Designing a Machine Learning System

Chip Huyen is the author of the book “Designing Machine Learning Systems: An Iterative Process for Production-Ready Applications”. She has several interesting materials on the internet, and I intend to comment on some of them here.
The material I decided to comment on today is about how to “Design a Machine Learning System”. The link is in English, but I will translate some interesting quotes. I recommend reading the full material.
This material focuses on best practices when designing a Machine Learning system, especially for those preparing for interviews in the field. Even if you are not in this process, I recommend reading it, as these are best practices in ML that every data scientist should know.
I don’t just want to write a summary of the original material, so I will focus on the more general part and comment on some quotes that I found interesting.

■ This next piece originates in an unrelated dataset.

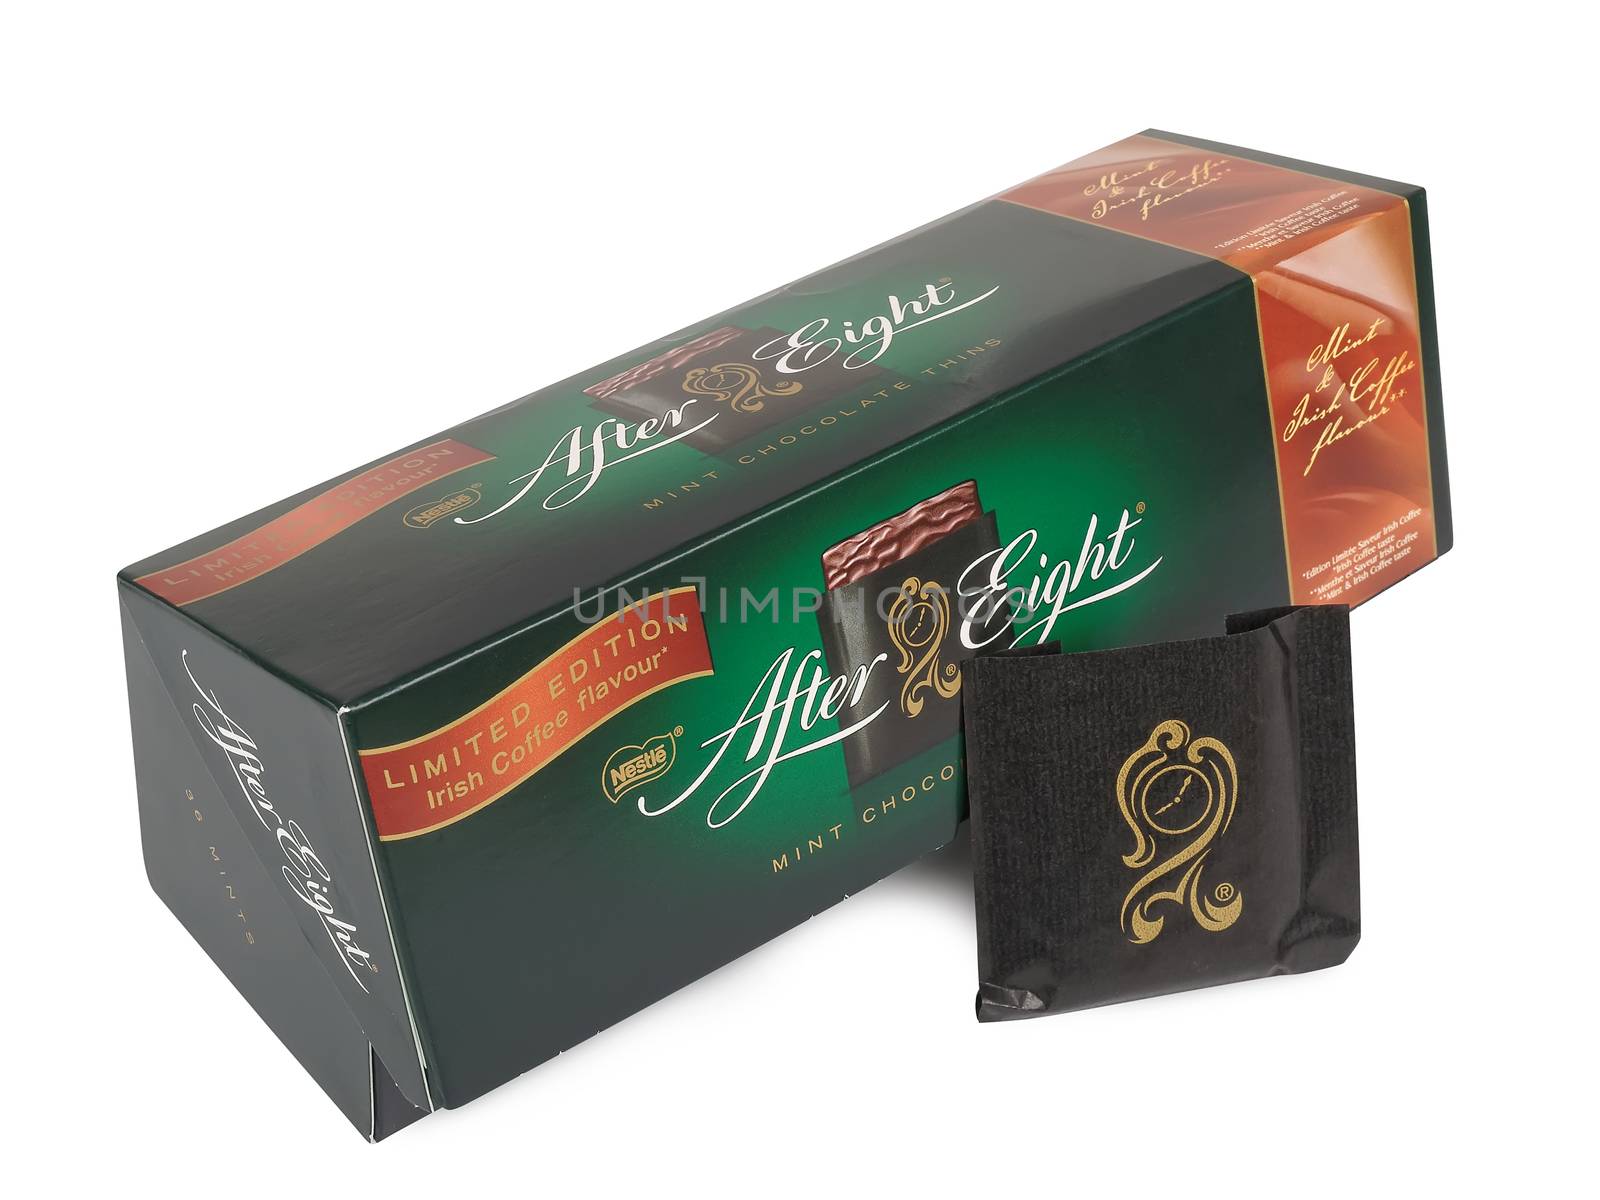 PULA, CROATIA - MARCH 15, 2016: Box of Nestle's After Eight mint chocolate thins on white background. Established in 1962, After Eight is recognized as the leading mint chocolate brand.

The image above shows a generic flow for creating a machine learning system. It is clear that it is an iterative process involving four main components: project setup, data pipeline, modeling/training, and model serving. Each stage can influence and update the previous stages. For example, during training, you may realize that the data used is incorrect or insufficient, requiring you to go back to the previous stage.
Quotes
“In school, you work with available, clean datasets and can spend most of your time on building and training machine learning models. In industry, you probably spend most of your time collecting, annotating, and cleaning data.”
There are always differences between working with AI in real life and in academia. Both are important, but the time spent on data and problem definition is really a differentiator. Other points that make a big difference are thinking about fallback, scalability, and edge cases.
“Modeling, including model selection, training, and debugging, is what’s often covered in most machine learning courses. However, it’s only a small component of the entire process. Some might even argue that it’s the easiest component.”
This is the part that scientists usually like the most, but it is really the smallest part and often the “least important” in the entire flow of solving a problem with ML.
“When searching for a solution, your goal isn’t to show off your knowledge of the latest buzzwords but to use the simplest solution that can do the job. Simplicity serves two purposes. First, gradually adding more complex components makes it easier to debug step by step. Second, the simplest model serves as a baseline to which you can compare your more complex models.”
Wow, I even feel like framing this. The vast majority of data scientists get excited about the latest trendy technologies and forget to start simple.
“ weaker models with well-tuned hyperparameters can outperform stronger, more recent models.”
Here we have another point for simplicity and focusing on the “basic” models. By taking good care of the input data and hyperparameter tuning, your SVM can beat a deep learning model with hundreds of layers.
“And there’s the question of interpretability. If your model predicts that someone shouldn’t get a loan, that person deserves to know the reason why. You need to consider the performance/interpretability tradeoffs. Making a model more complex might increase its performance but make the results harder to interpret.”
Interpretability is a subject often forgotten in AI workflows. Interpretability is sometimes necessary, as in the given example, but it can also help you improve the model.
“You also need to think about the potential biases and misuses of your model. Does it propagate any gender and racial biases from the data, and if so, how will you fix it?”
We have “ultra-futuristic” models, with generative AI and much more, but one of the biggest challenges in AI is privacy and model bias. I talked a bit about this in my text about the documentary “XXXXX”.
Summary of the stages

Project Setup:
— Define objectives and goals.
— Understand user experience and use cases.
— Determine evaluation metrics for training and inference.
— Address project constraints (e.g., time, computing power).
Data Pipeline:
— Collect and annotate data.
— Preprocess and represent data for models.
— Handle data storage and privacy concerns.
— Address biases.
Modeling:
— Select appropriate models based on the type of problem (e.g., supervised vs unsupervised).
— Train models and solve common training problems (e.g., overfitting, underfitting).
— Define baselines (random, human, simple heuristic).
Serving:
— Deploy models and collect user feedback.
— Update models based on feedback and new data.
— Ensure model interpretability and address biases.
Conclusion
I recommend reading the material to all data scientists. These are simple concepts and practices, but many people forget them.